Your goal: Write out the data exactly, please, and omit the pictures.

Given information:
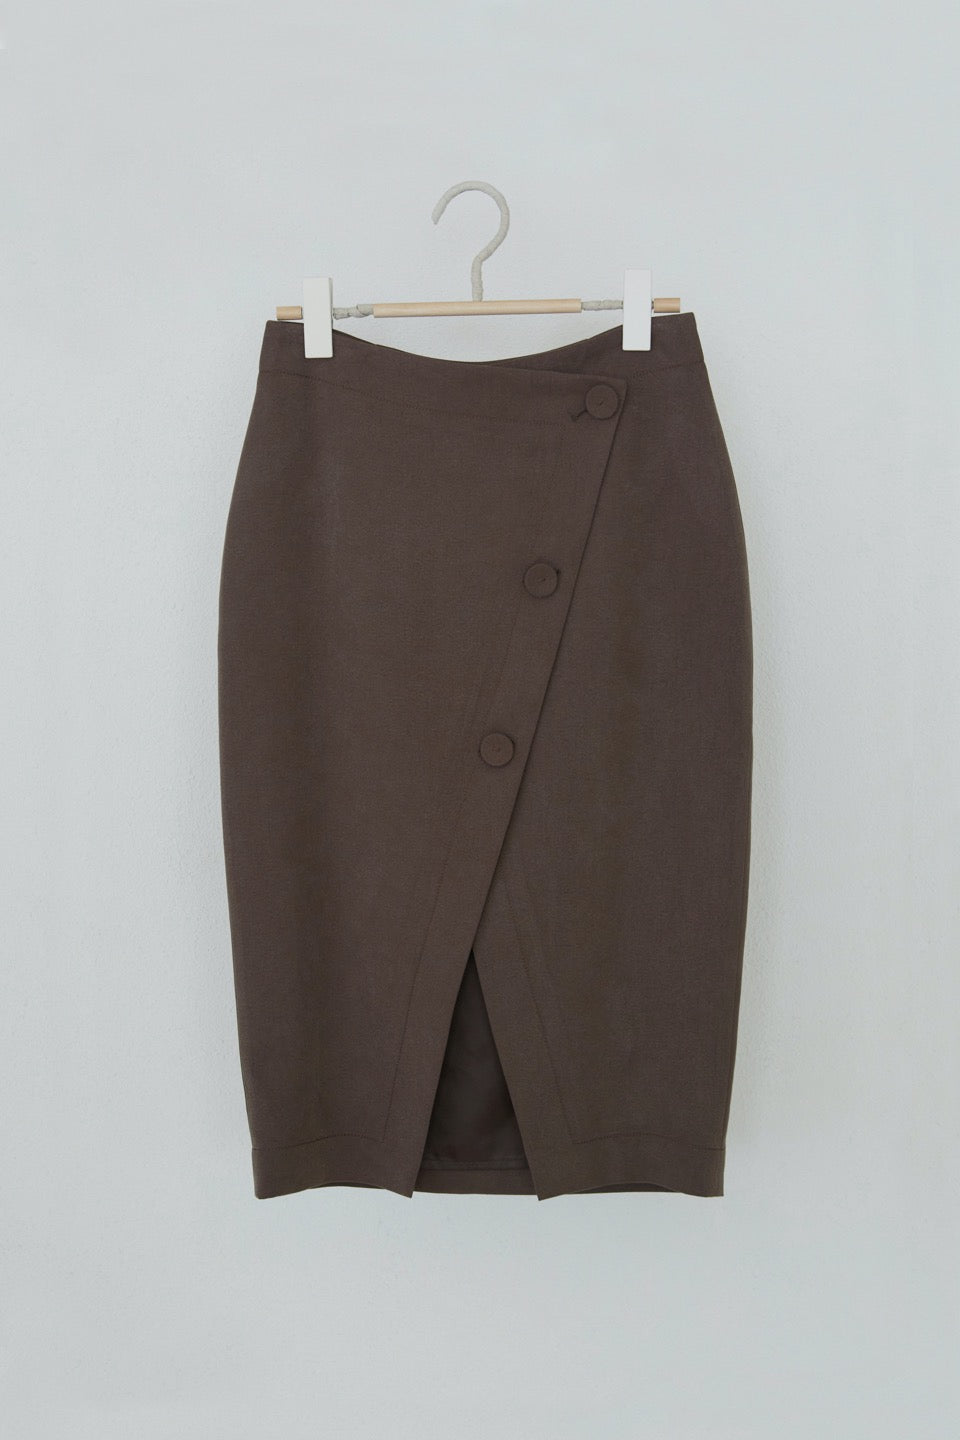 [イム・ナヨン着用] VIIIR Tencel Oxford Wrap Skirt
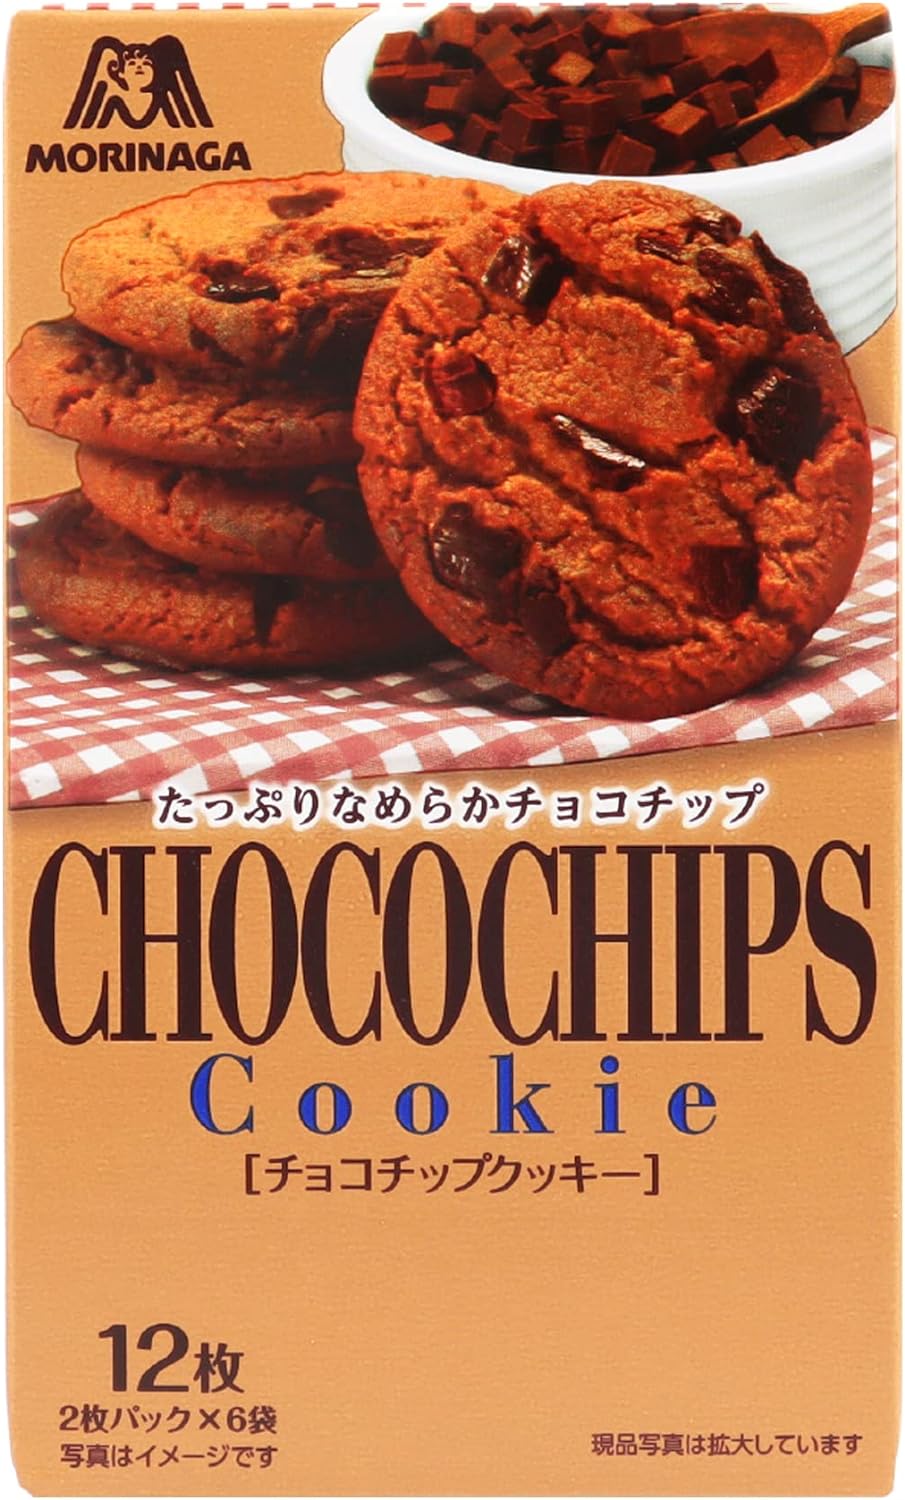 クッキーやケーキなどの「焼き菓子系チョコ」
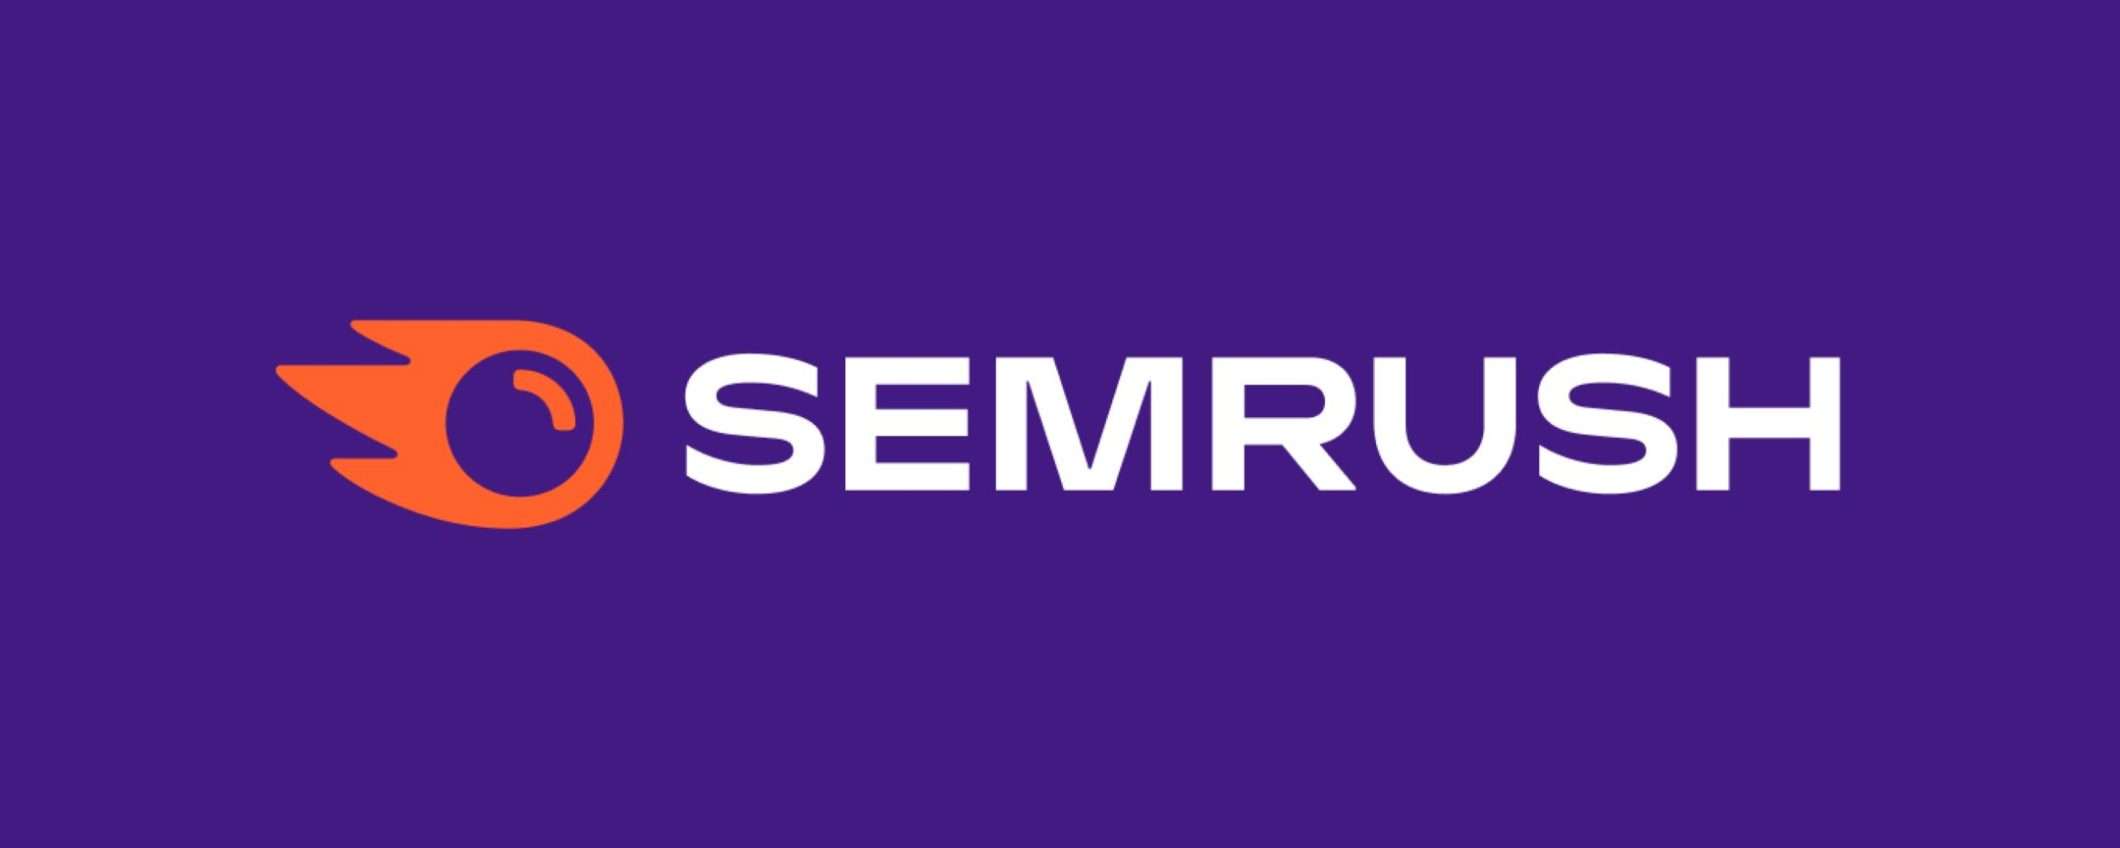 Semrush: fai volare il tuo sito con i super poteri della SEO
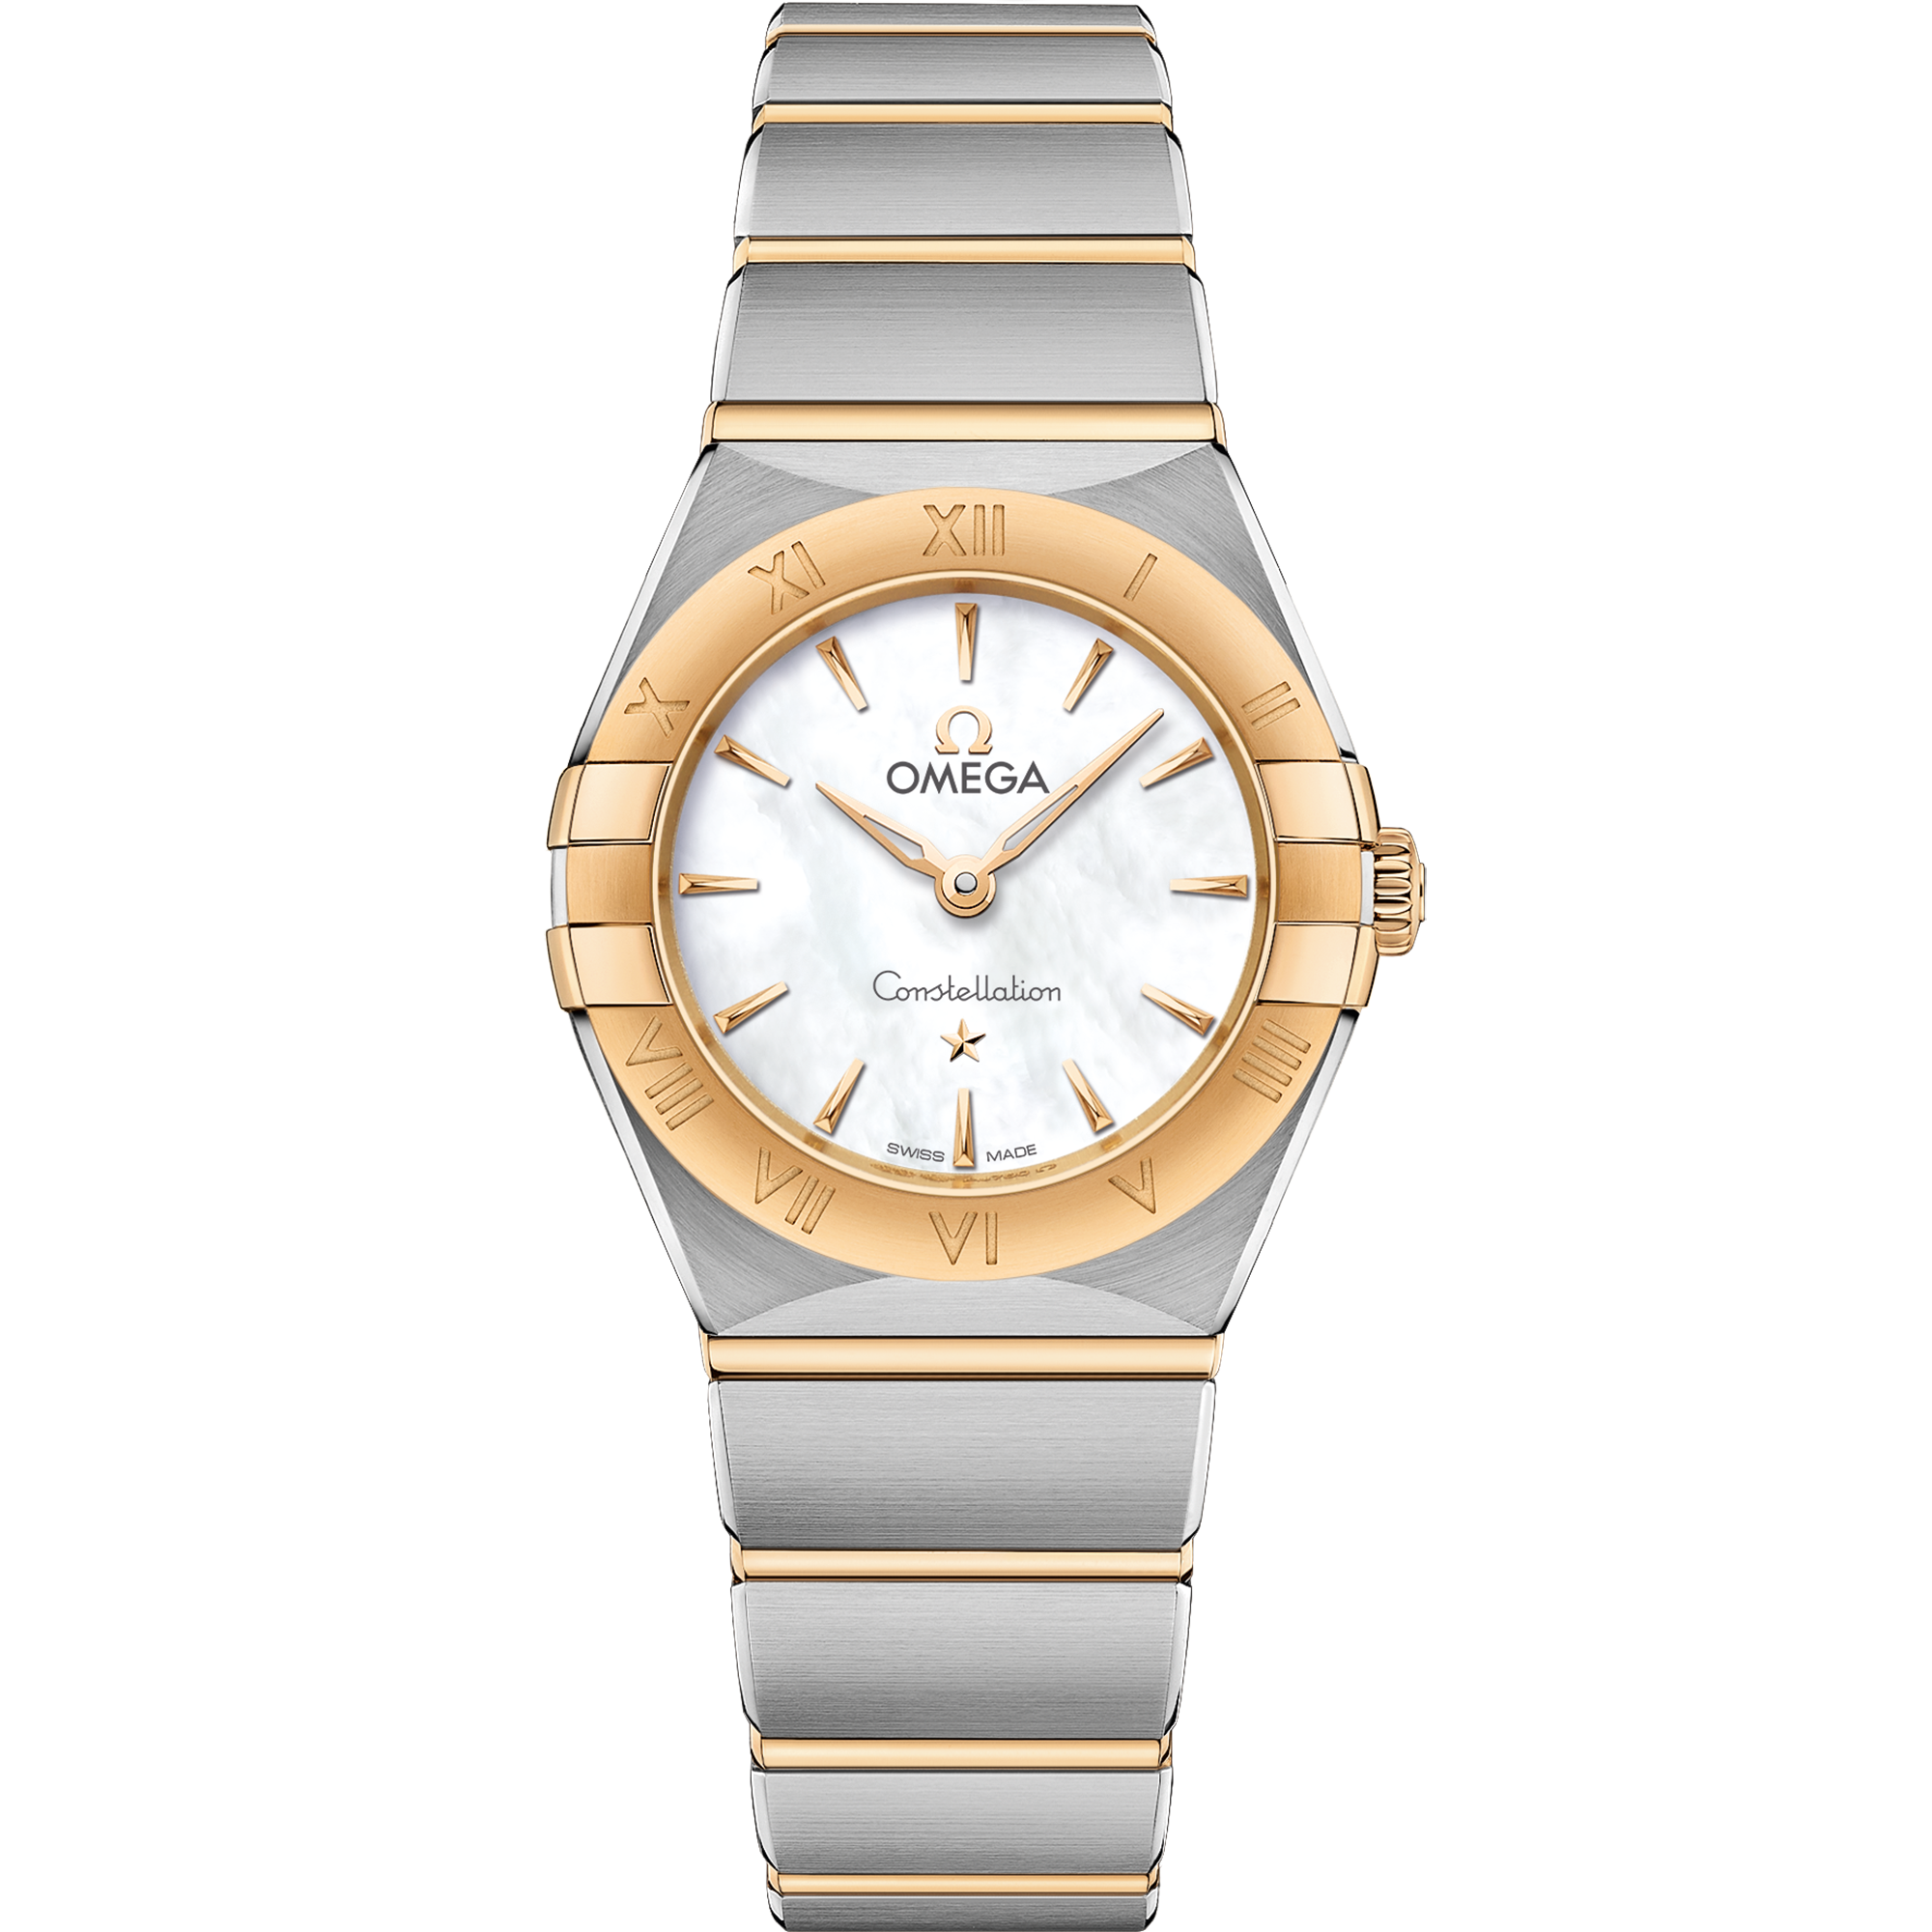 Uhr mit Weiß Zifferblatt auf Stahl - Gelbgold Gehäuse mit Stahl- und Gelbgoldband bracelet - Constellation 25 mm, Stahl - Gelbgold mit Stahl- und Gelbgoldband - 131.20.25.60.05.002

Exercise result:
 [イム・ナヨン着用] VIIIR Tencel Oxford Wrap Skirt
 クッキーやケーキなどの「焼き菓子系チョコ」
 Semrush: fai volare il tuo sito con i super poteri della SEO
 Uhr mit Weiß Zifferblatt auf Stahl - Gelbgold Gehäuse mit Stahl- und Gelbgoldband bracelet - Constellation 25 mm, Stahl - Gelbgold mit Stahl- und Gelbgoldband - 131.20.25.60.05.002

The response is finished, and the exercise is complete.